To assess performance on real data, the assemblers were tested on paired-end strand-specific RNA-seq data from two biological replicates from the K562 and H1 cell lines, and a single replicate of mouse dendritic cells. Importantly, these datasets represent different species, tissues, library construction protocols and sequencing depths. Of note, it was not possible to run the Traph assembler on the K562 and H1 data due to instability of the program.
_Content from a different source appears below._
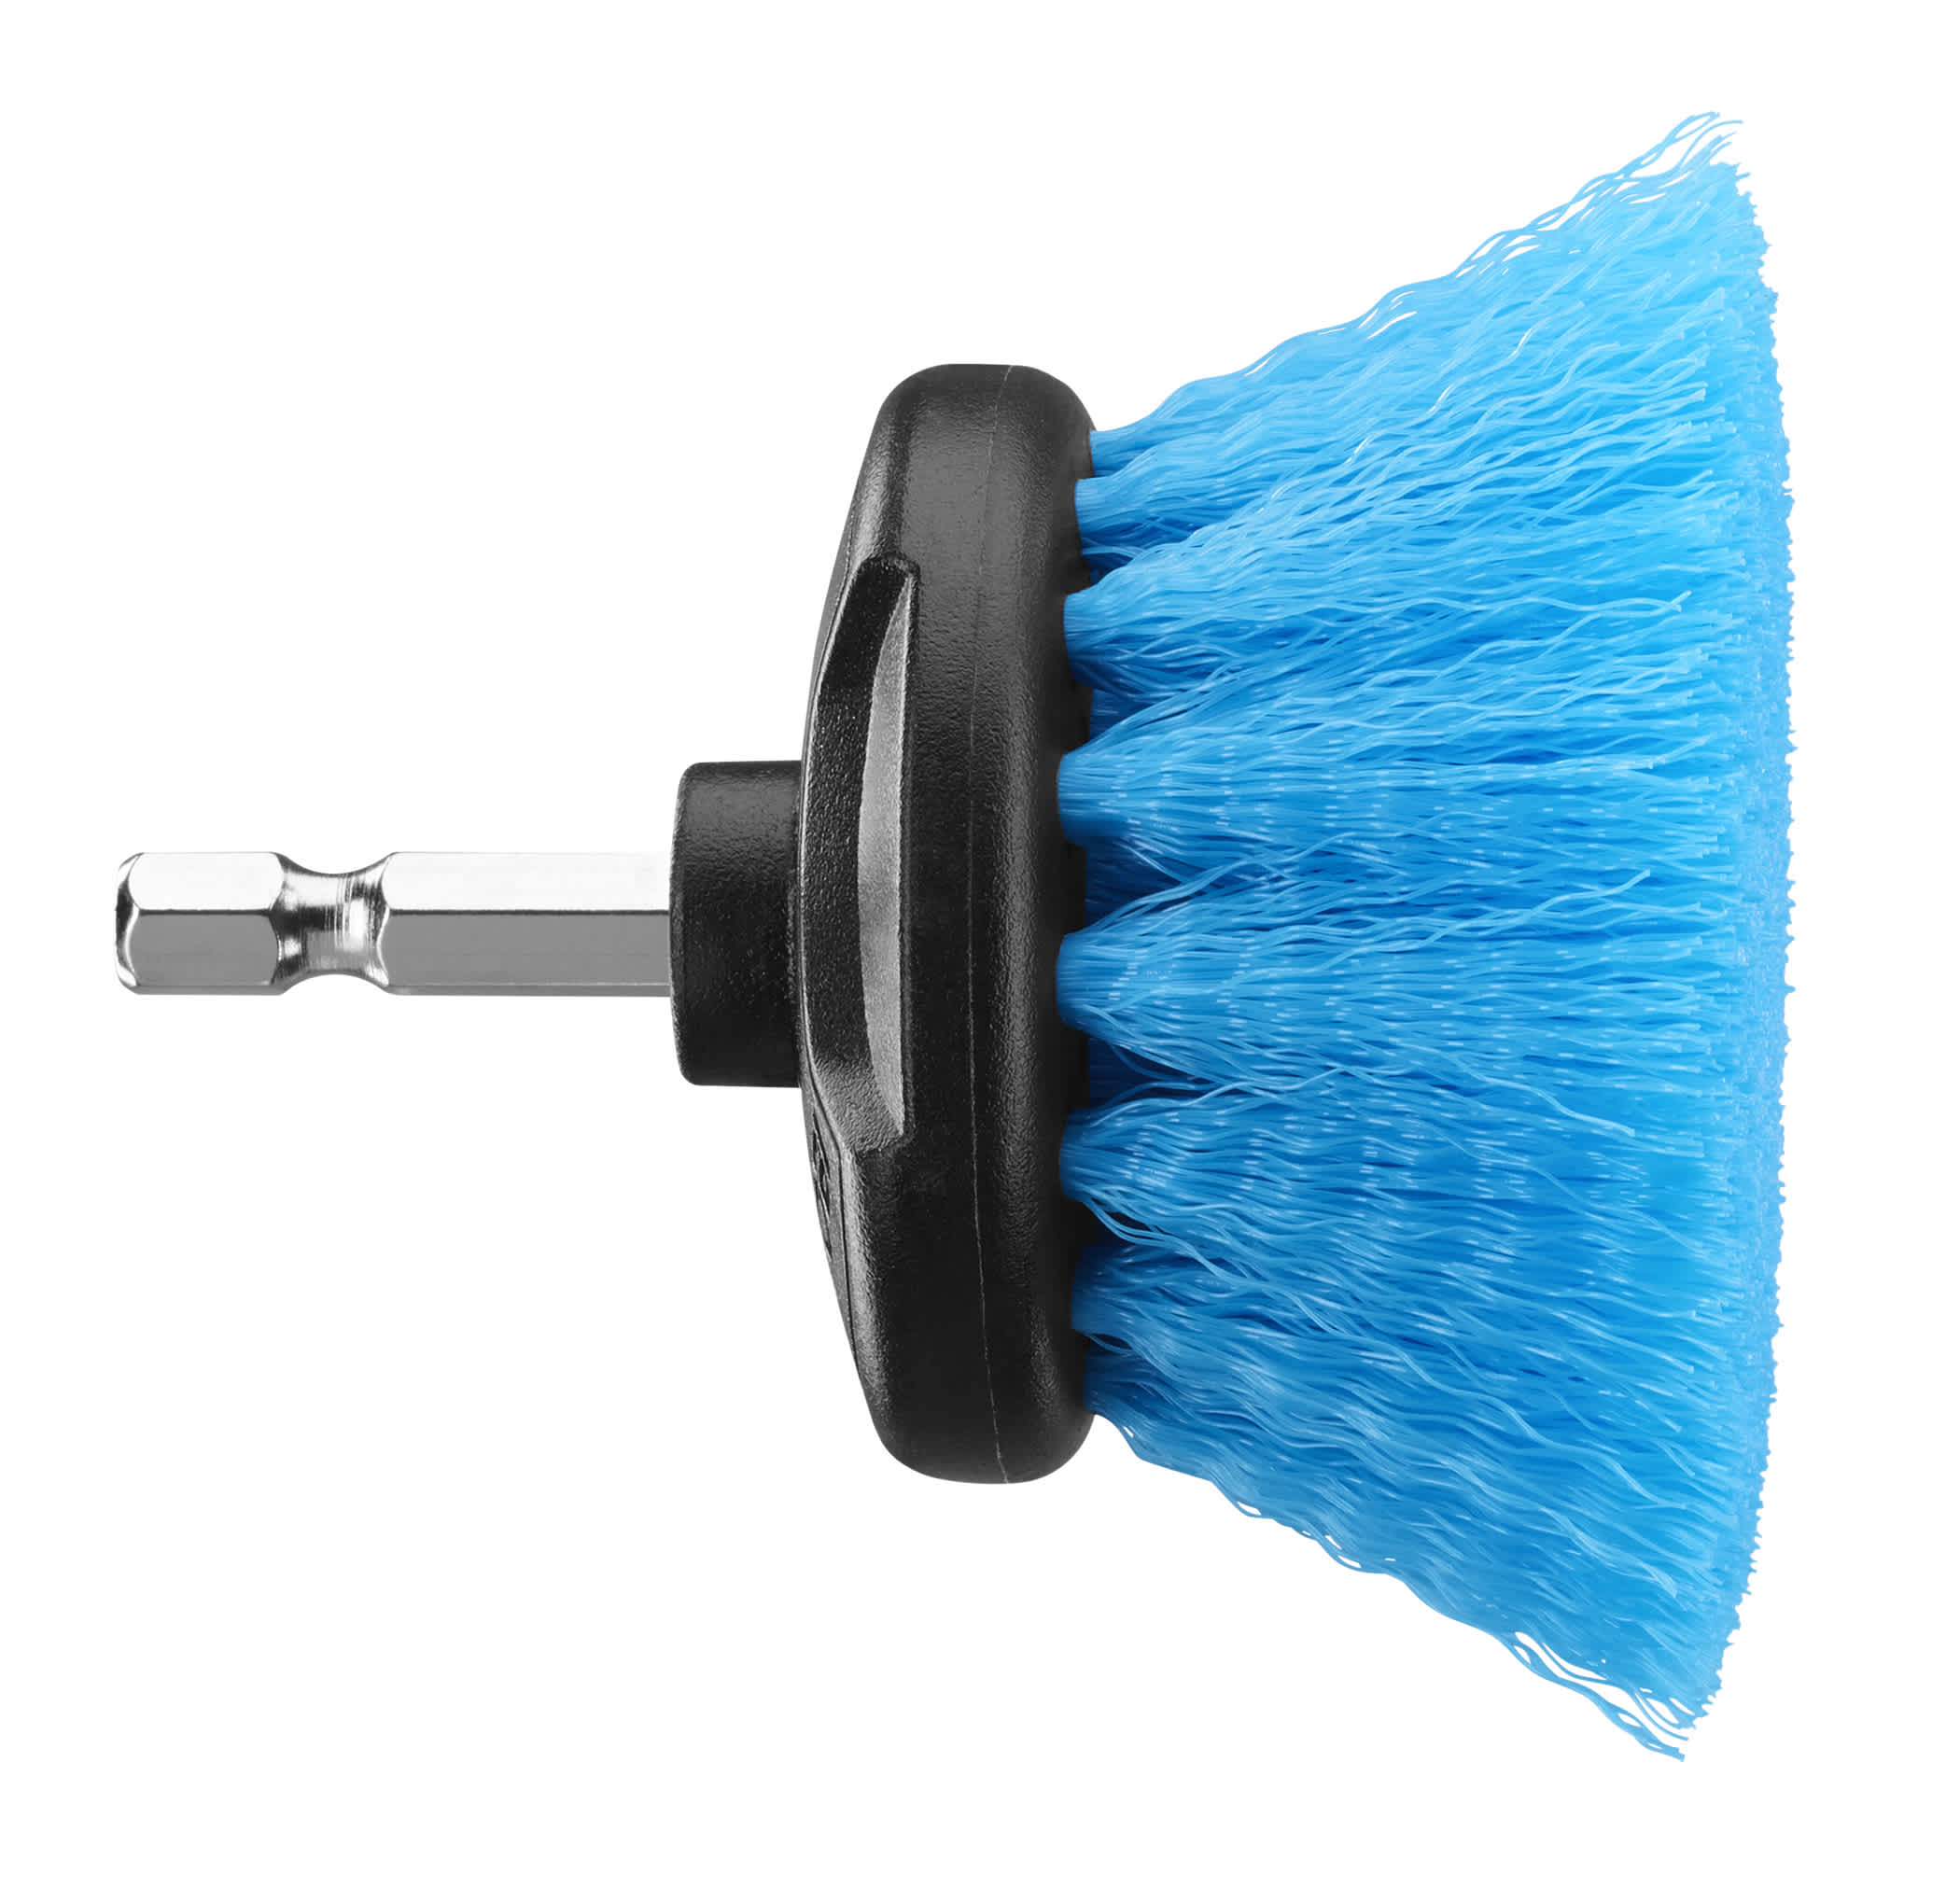 2 PC. Soft Bristle Brush Cleaning Kit | RYOBI Tools

As there is no gold standard transcriptome reference for real data, we combined three complementary validation strategies to assess performance of the different assemblers.

We first evaluated assembler performance by estimating the number of predicted transcripts that could be confirmed using the UCSC Known Genes annotation against the total number of predicted transcripts. To adjust for any abundance bias in the annotation and between assemblers, we calculated the number of confirmed transcript predictions across a sequence of thresholds on abundance and plotted it against the corresponding number of predicted transcripts. Hence, the final performance metric is a curve, where the height and slope represent sensitivity and precision, respectively. For both the K562 and H1 data, the Bayesembler curve extended higher and ascended more steeply for both replicates than any of the other assemblers thus indicating both better sensitivity and precision of our method (Figure 3a,b, Figure S3a,b in Additional file 1). Importantly, similar results were observed for data from mouse dendritic cells, which in turn suggests that the results are robust across species, tissues and library construction protocols (Figure 3c). Interestingly, we also observed that the transcript lengths produced by Bayesembler were closer to the length distribution of annotated transcripts than the other assemblers, which again tended to produce shorter transcripts (Figure S4a–e in Additional file 1).

Figure 3
figure 3

Assembler performance estimates for real RNA-seq data using an annotation-based measure. The number of assembled transcripts from (a) K562 (replicate 1), (b) H1 (replicate 1) and (c) mouse dendritic cells that were confirmed using the UCSC Known Genes annotation plotted against the corresponding number of predicted transcripts across a sequence of abundance thresholds (decreasing abundance threshold from left to right).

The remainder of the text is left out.